==== INFORMATION SUPPLIED ====

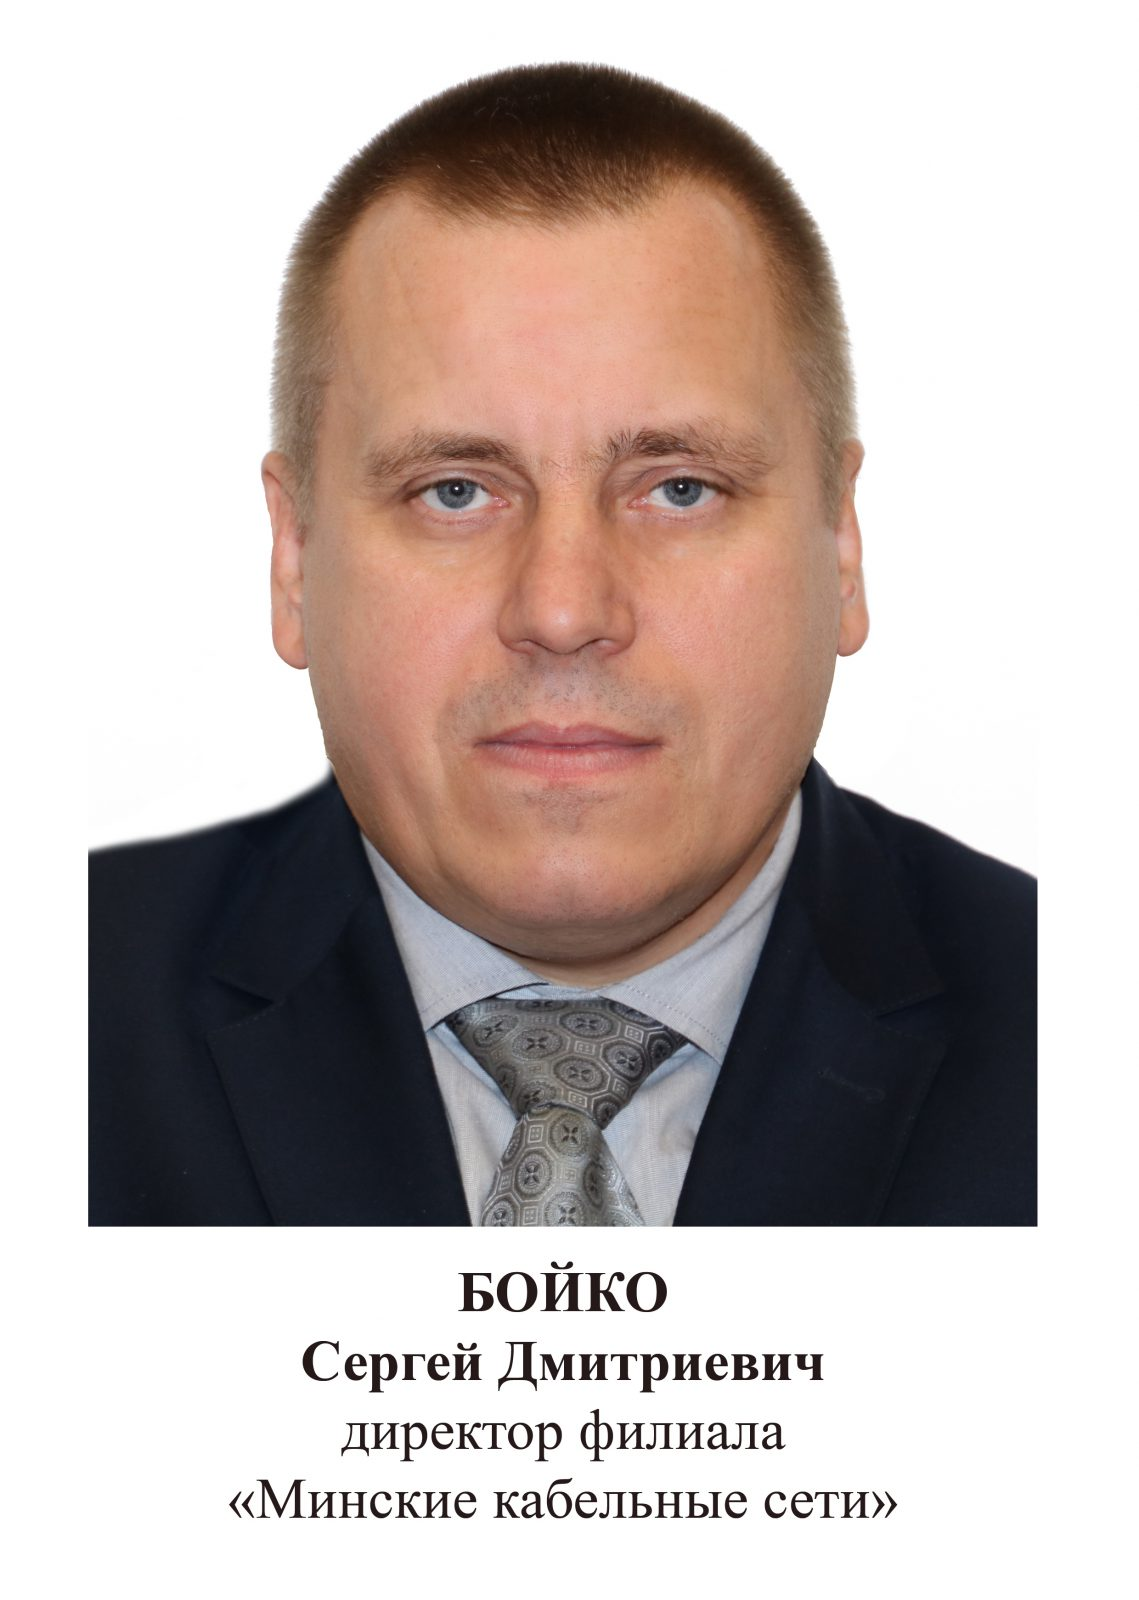 Бойко Сергей Дмитриевич
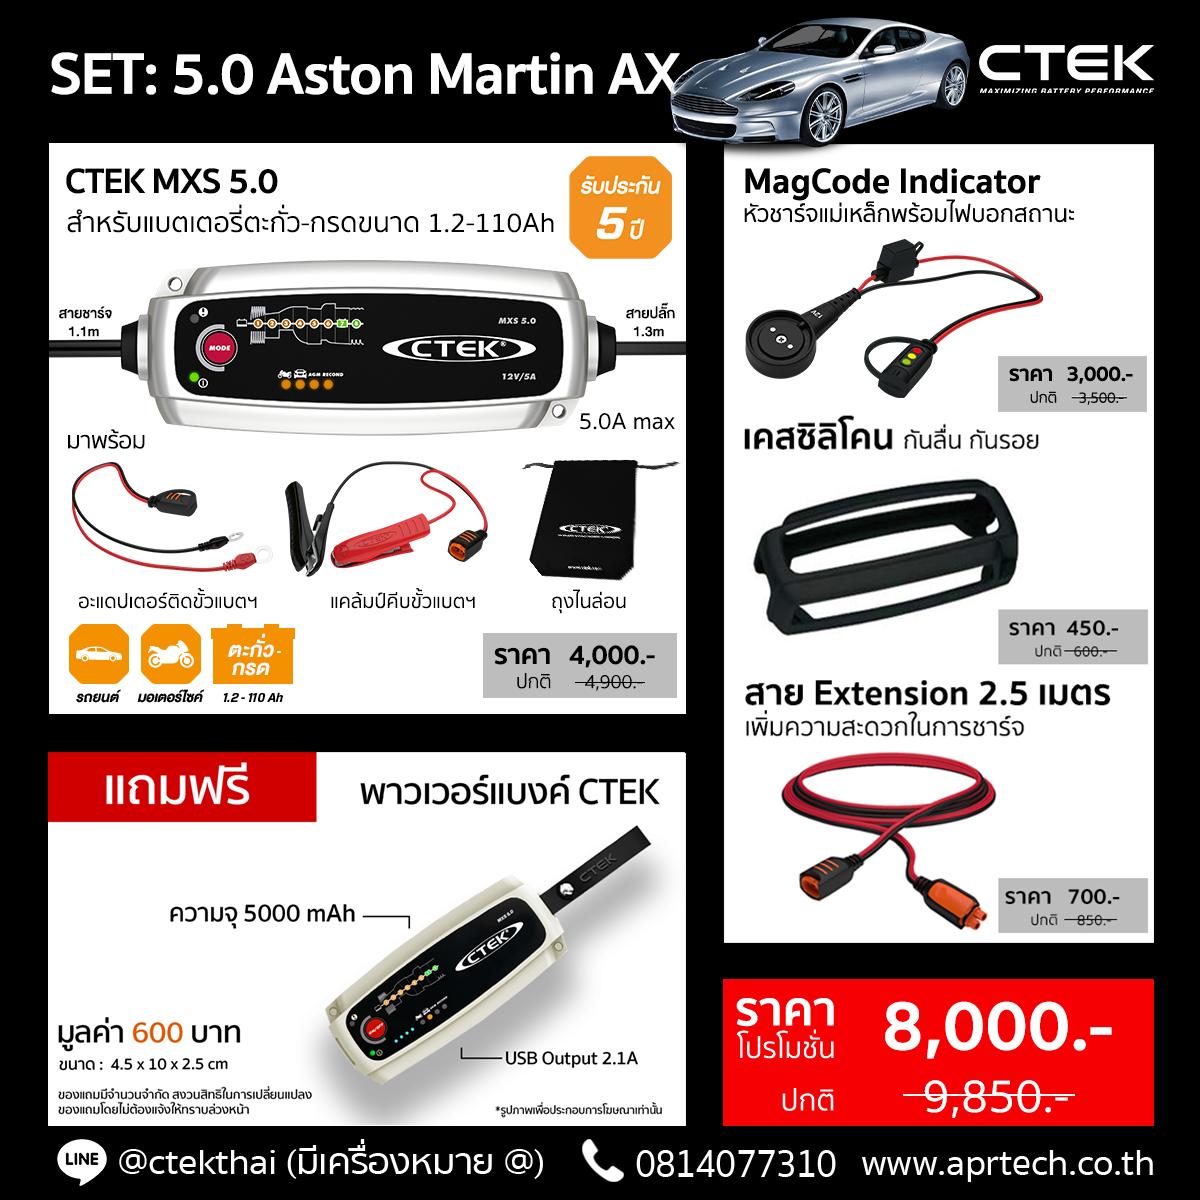 SET 5.0 Aston Martin AX (MXS 5.0 + MagCode Indicator + Bumper + Extension 2.5)
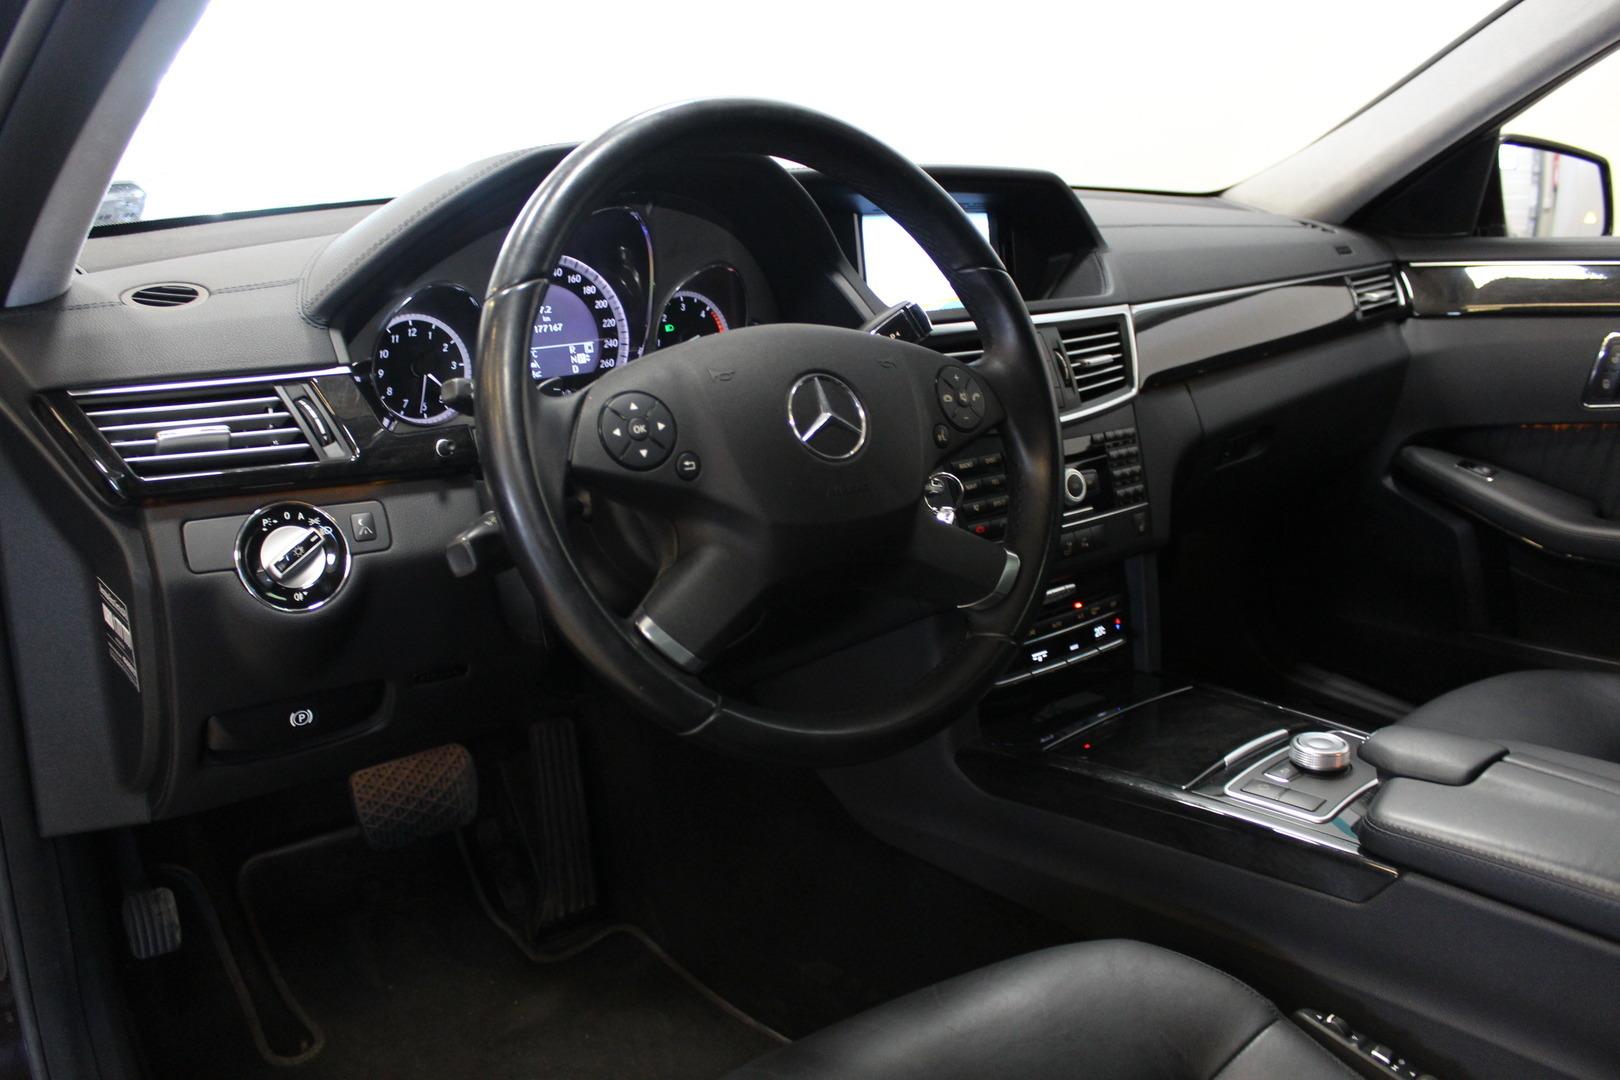 Mercedes-Benz E, 350 CDI BE A **Juuri tullut** #Siistikuntoinen #Nahat #Nightwision-kamera #Navi
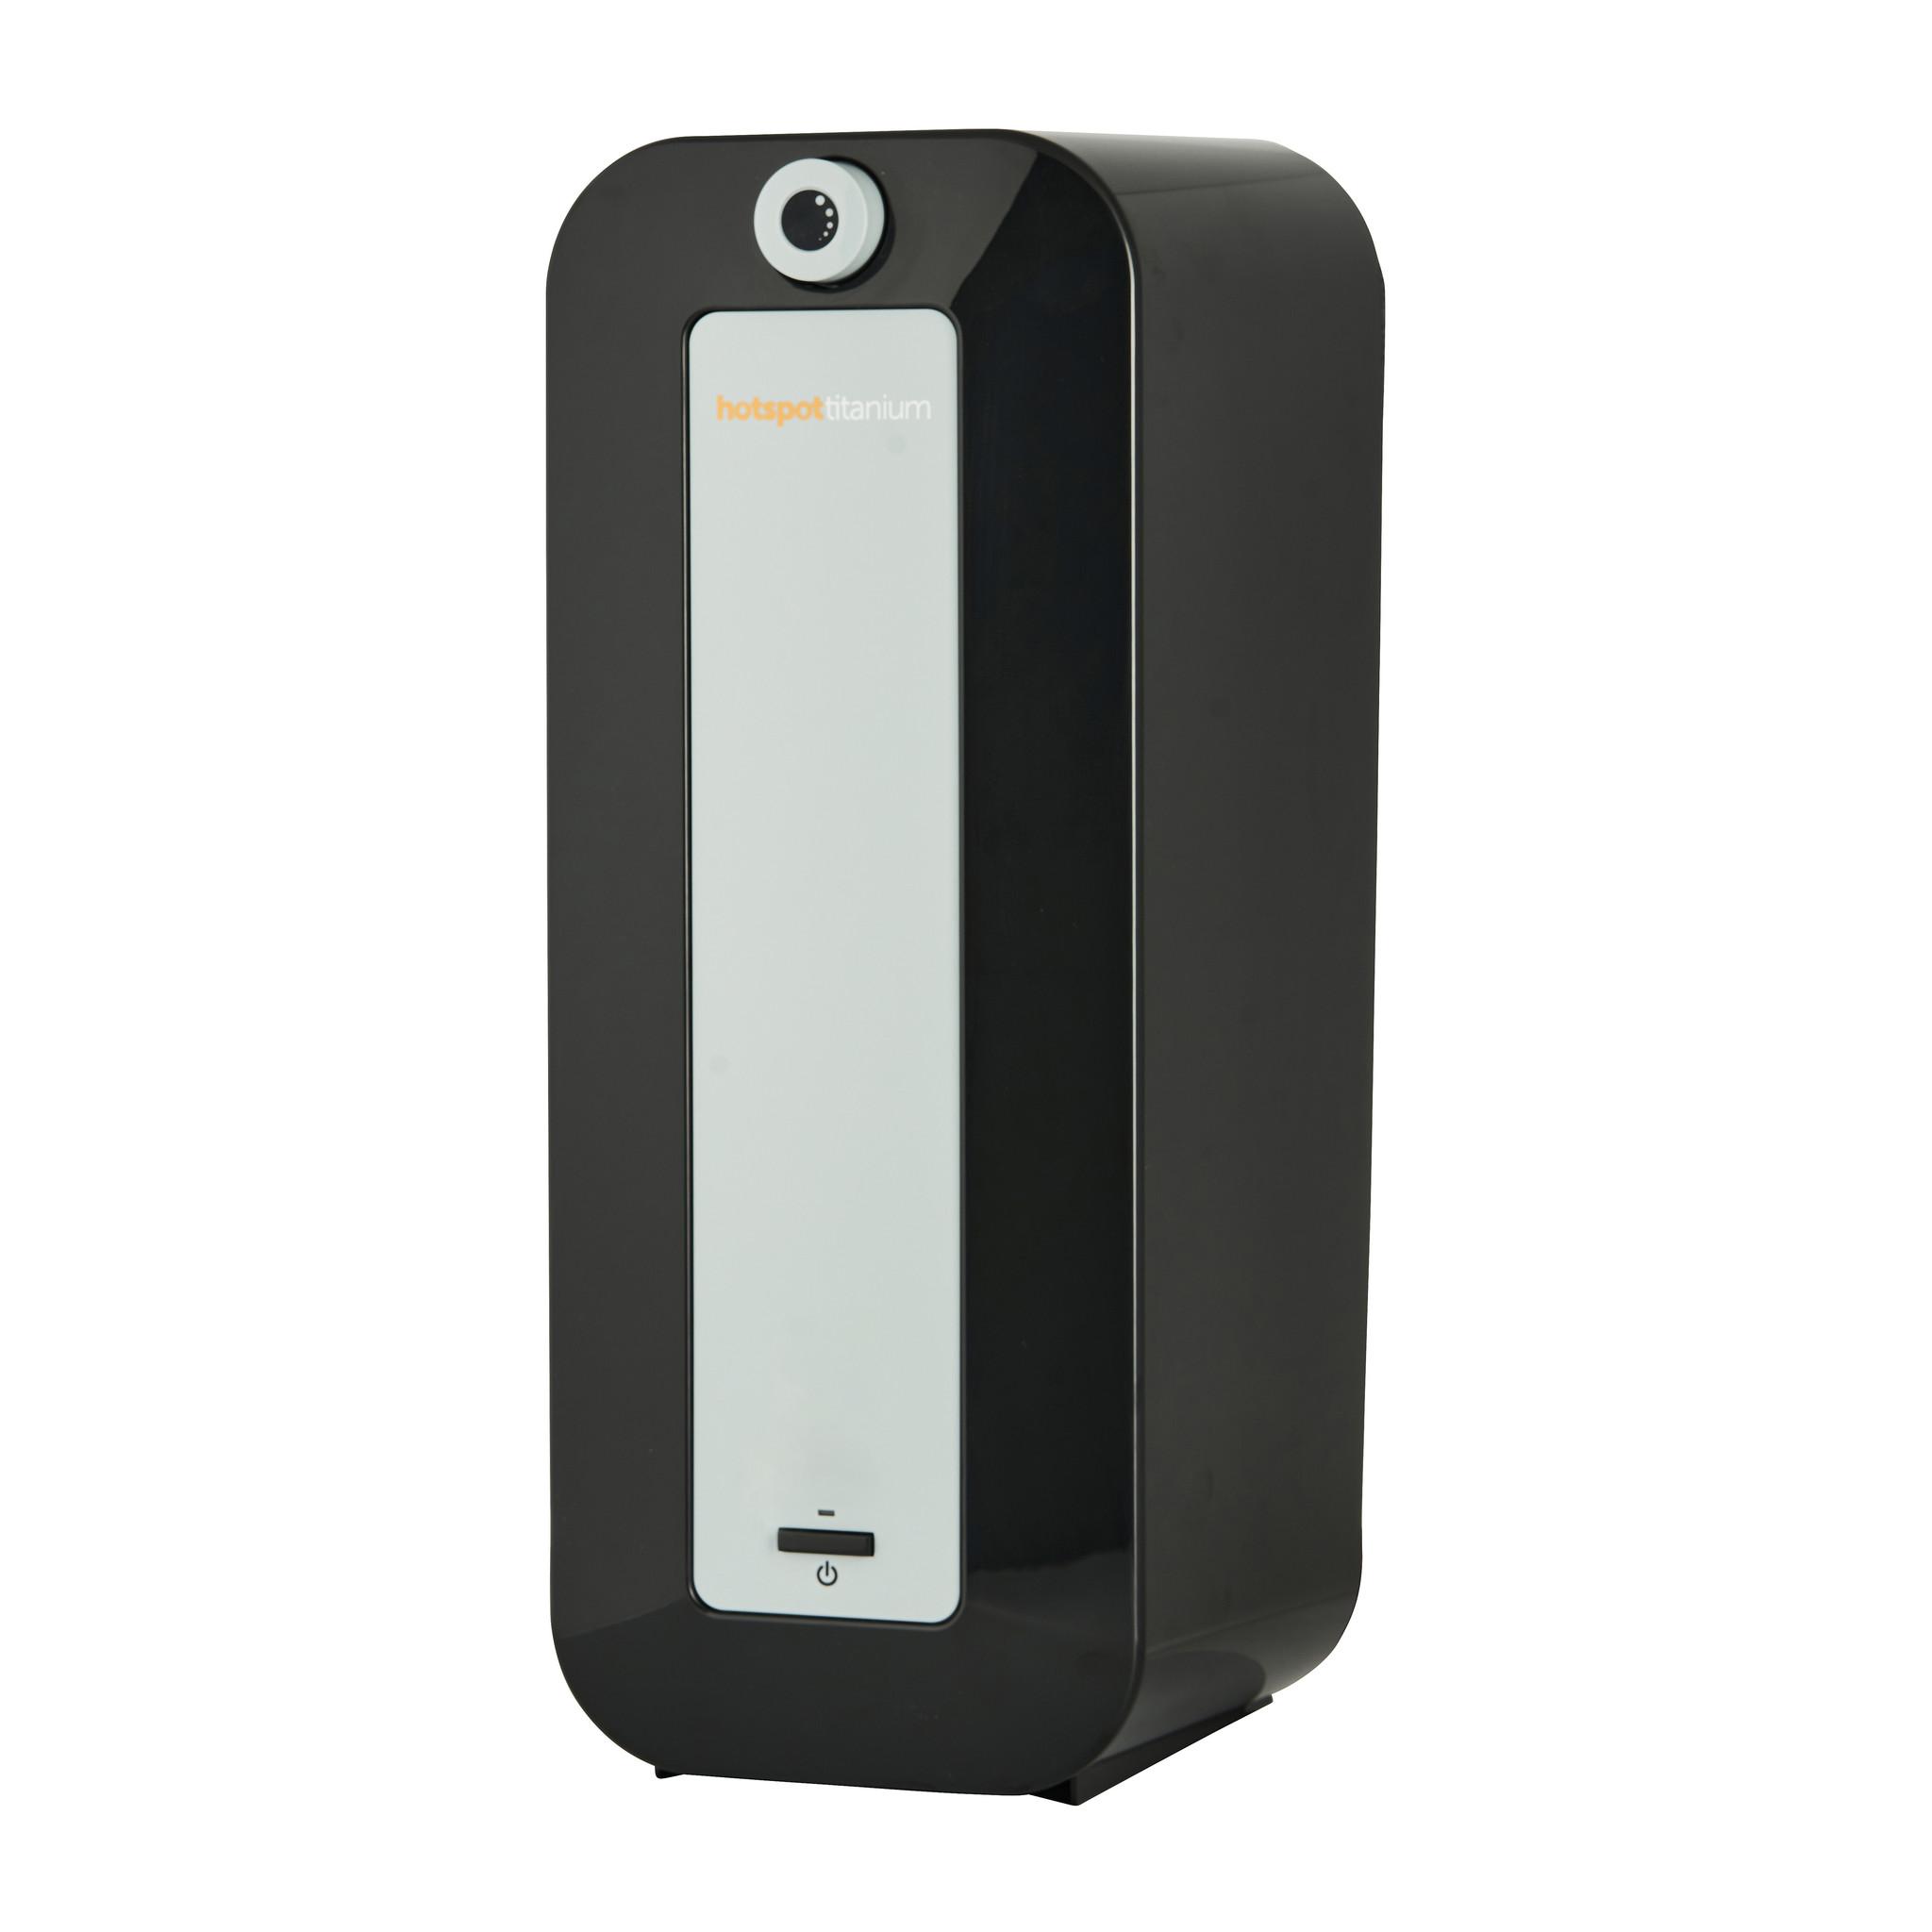 HotSpot Titanium Calisto Eco Premium Polished Chrome Tap

====

> EXERCISE BRIEF
From the first line to the last, output the data exactly, without the pictures.

> WRITTEN ANSWER
 Бойко Сергей Дмитриевич
 SET 5.0 Aston Martin AX (MXS 5.0 + MagCode Indicator + Bumper + Extension 2.5)
 Mercedes-Benz E, 350 CDI BE A **Juuri tullut** #Siistikuntoinen #Nahat #Nightwision-kamera #Navi
 HotSpot Titanium Calisto Eco Premium Polished Chrome Tap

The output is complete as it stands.